Spotlight 2020: The Second Democratic Debates

Erin Schaff/The New York Times

Erin Schaff/The New York Times

This week saw the most successful of the Democratic candidates for the 2020 presidential nomination face off in two debates in Detroit. The twenty candidates who took the stage do not even represent the full slate running for the nomination: four candidates did not meet the minimum requirements to be included on the debate stage, and two have already dropped out.

The first debate, which took place on Tuesday, July 30, featured Elizabeth Warren, Bernie Sanders, Pete Buttigieg, Steve Bullock, John Hickenlooper, John Delaney, Tim Ryan, Marianne Williamson, Amy Klobuchar, and Beto O’Rourke. The debate was notable in that it was much more policy-driven than the first debates in June. The discussion was essentially a battle between the progressive wing of the party (represented by Elizabeth Warren and Bernie Sanders) and the moderate wing, represented by the remaining candidates.

Night two featured Michael Bennet, Kirsten Gillibrand, Julian Castro, Cory Booker, Joe Biden, Kamala Harris, Andrew Yang, Tulsi Gabbard, Jay Inslee, and Bill de Blasio. By the chance of the draw, every minority candidate took the stage on the second night, and candidates debated topics such as the mass incarceration of Black Americans, which was not mentioned at all on the first night of the debates (Marianne Williamson’s impassioned speech about reparations notwithstanding).

During the debates, many news outlets covered the events with live blogs, like these from Fox News and FiveThirtyEight.
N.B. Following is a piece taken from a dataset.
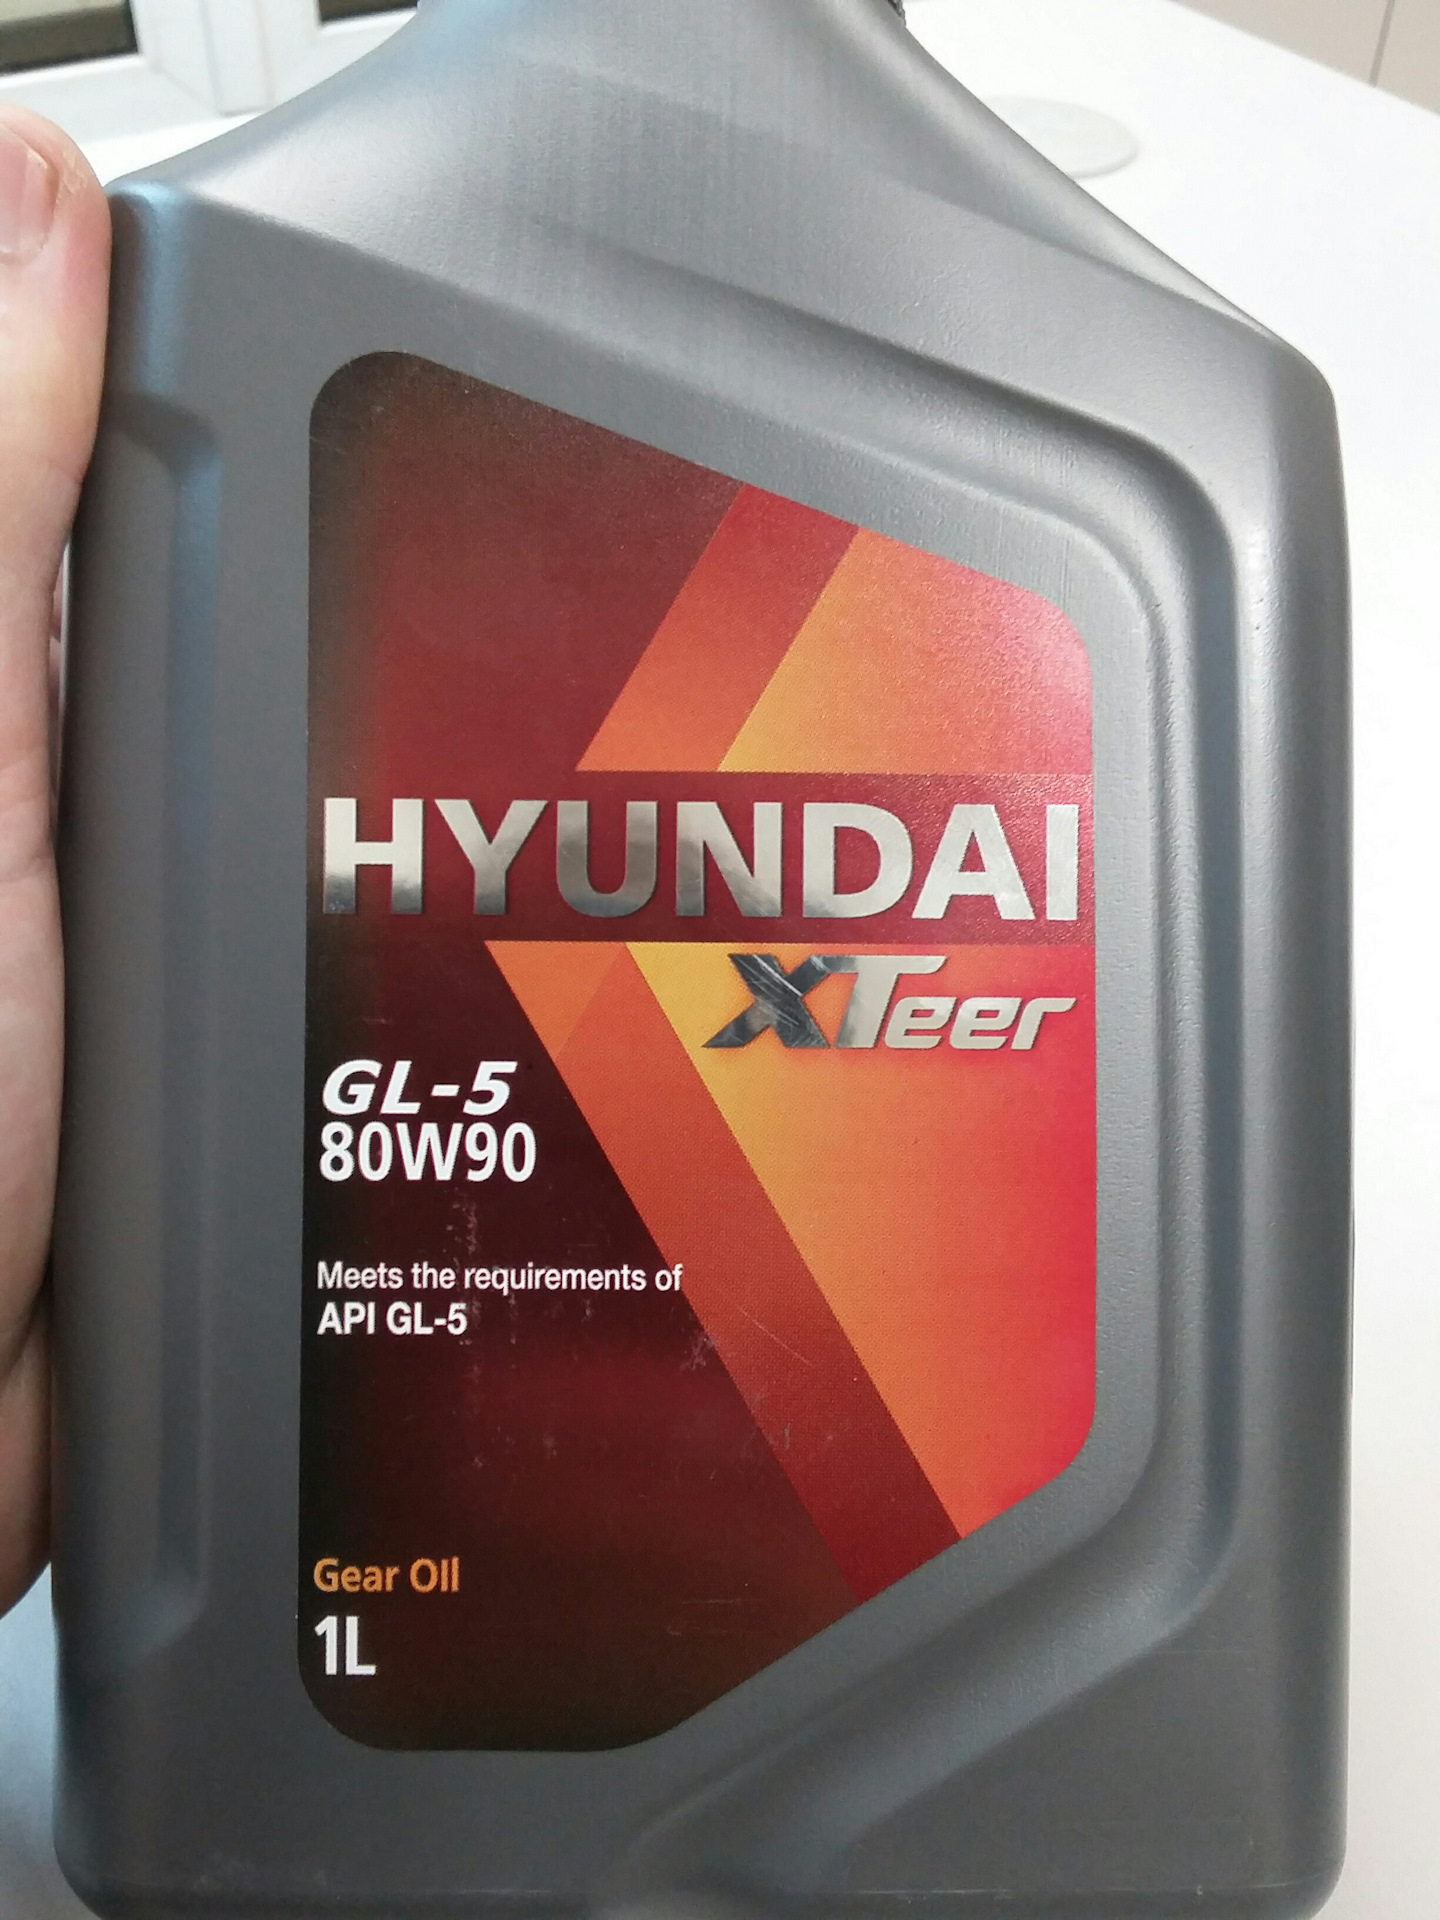 Hyundai xteer артикул. Hyundai XTEER : 1011017. Hyundai XTEER Gear Oil-4 75w90. Hyundai XTEER 75w90 gl5. Hyundai XTEER Gear Oil-5 75w90.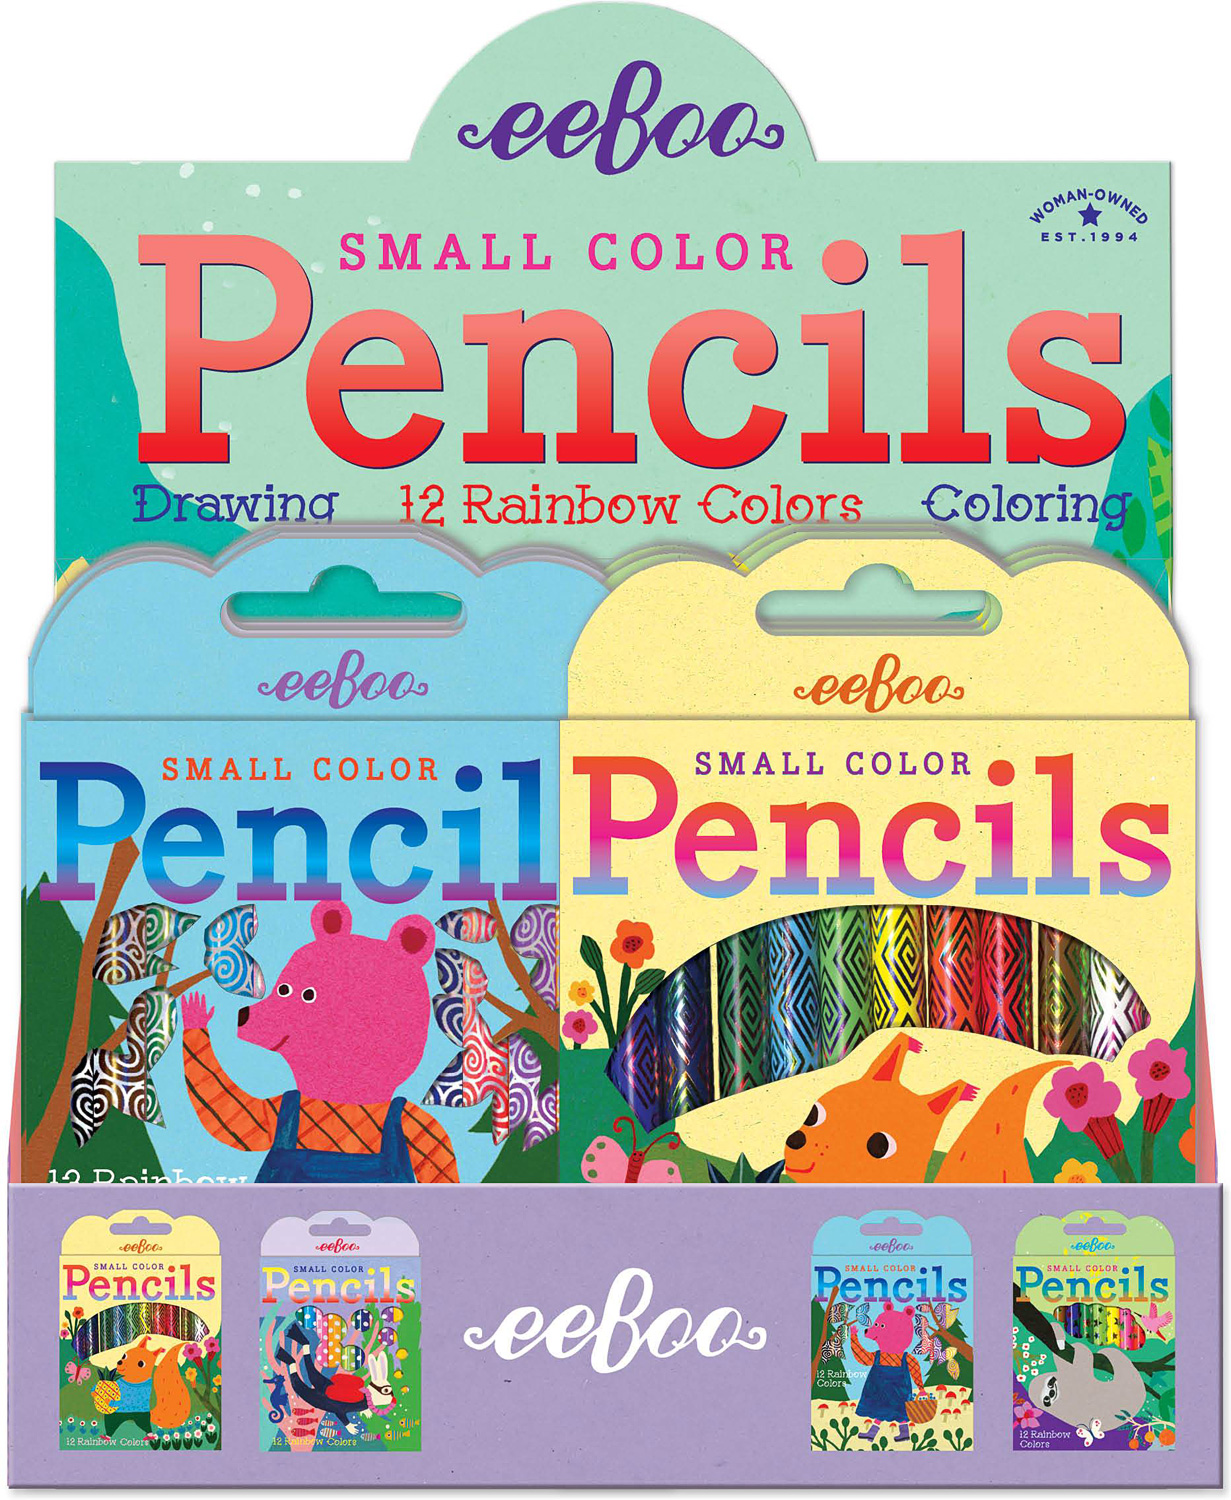 Colouring Pencils, Kids' Activity Packs

In the days following, many have published longer analyses of what the debates mean for the future of the race and how they relate to the changing democratic process in the country. For example, a left-leaning article from the Washington Post reflected on how the rhetoric in Democratic debates has changed since the Obama administration. During the 2016 election, candidates were reluctant to criticize President Obama and were happy to appeal to the generally moderate majority of the party. However, under President Trump, the Democratic party has shifted more toward the left, making progressive candidates more inclined to criticize Obama for his moderate policies, a trend that was evident in candidates’ criticism of former Vice President Joe Biden in the second round of the debates.

In contrast, a right-leaning post-debate analysis by Fox News honed in on the internal workings of the debates. The article noted that CNN featured analysis by former Michigan governor Jennifer Granholm, who has previously prepped Biden before the first round of debates in June. Fox wrote, “[Granholm] later added that Biden was the "piñata" on the debate stage and that he "held his own."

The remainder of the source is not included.